Acting information minister Mangaliso Ndlovu said the reforms would streamline overlapping regulatory requirements, eliminate redundant charges and lower excessive fees across the mining value chain.
“Cabinet approved the streamlining of duplicated regulatory licences, removed unnecessary levies and lowered unjustifiably high fees for the mining sector,” Ndlovu said at a post-Cabinet briefing in Harare.
The review aligns with an earlier Cabinet decision in July 2025 to implement business environment reforms across 12 sectors of the economy. Authorities say the changes are intended to reduce the cost of doing business, enhance enterprise viability and stimulate broader economic growth.
As part of the overhaul, more than 80 per cent of existing mining fees deemed reasonable will be retained, while new pricing structures will introduce differentiated fees based on operators’ capacity to pay. Artisanal and small-scale miners will pay significantly lower licence fees than large-scale operators.
The reforms also introduce new regulatory charges, including permits for gold jewellery production and registration requirements for lithium processing plants, reflecting the government’s push to expand mineral value addition.
In addition, registration fees for dealing in precious stones have been reduced and extended to a five-year payment cycle, easing compliance costs for operators.
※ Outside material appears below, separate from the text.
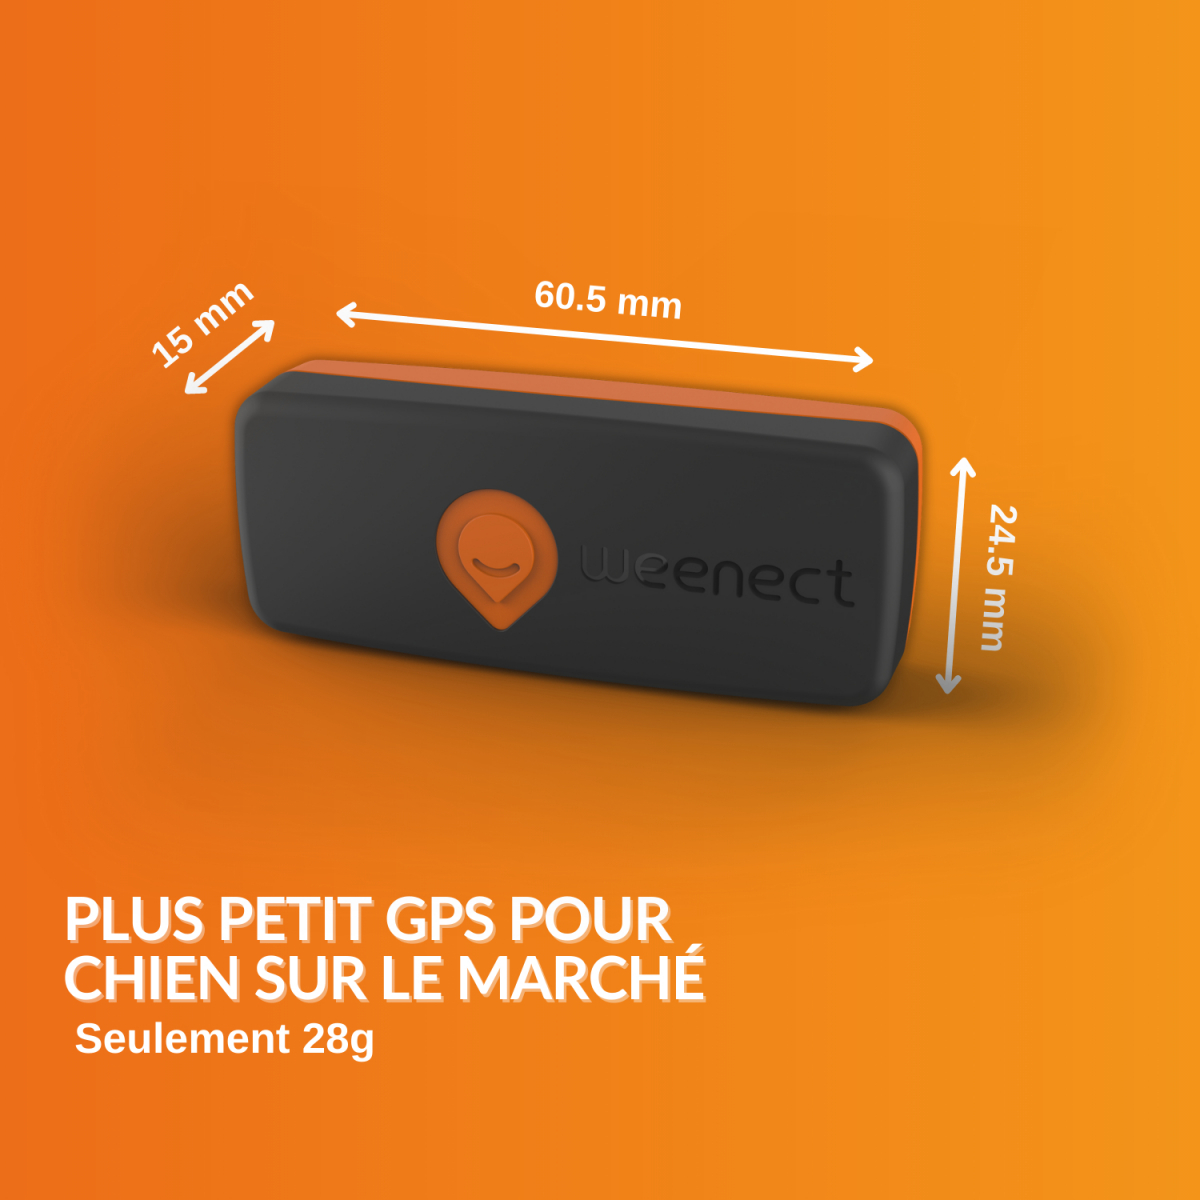 Se acaba de presentar el localizador GPS Weenect XS, que sólo pesa 27  gramos -  News

Cabinet also reviewed broader policy and legislative issues affecting the sector, including amendments to the Mines and Minerals Act, the development of a Minerals Development Policy and the rollout of a Mining Cadastre System to improve transparency in the allocation and management of mining rights.
Authorities said strengthening regulatory oversight and formalising small-scale mining operations remain key priorities, particularly as Zimbabwe seeks to maximise returns from its mineral resources.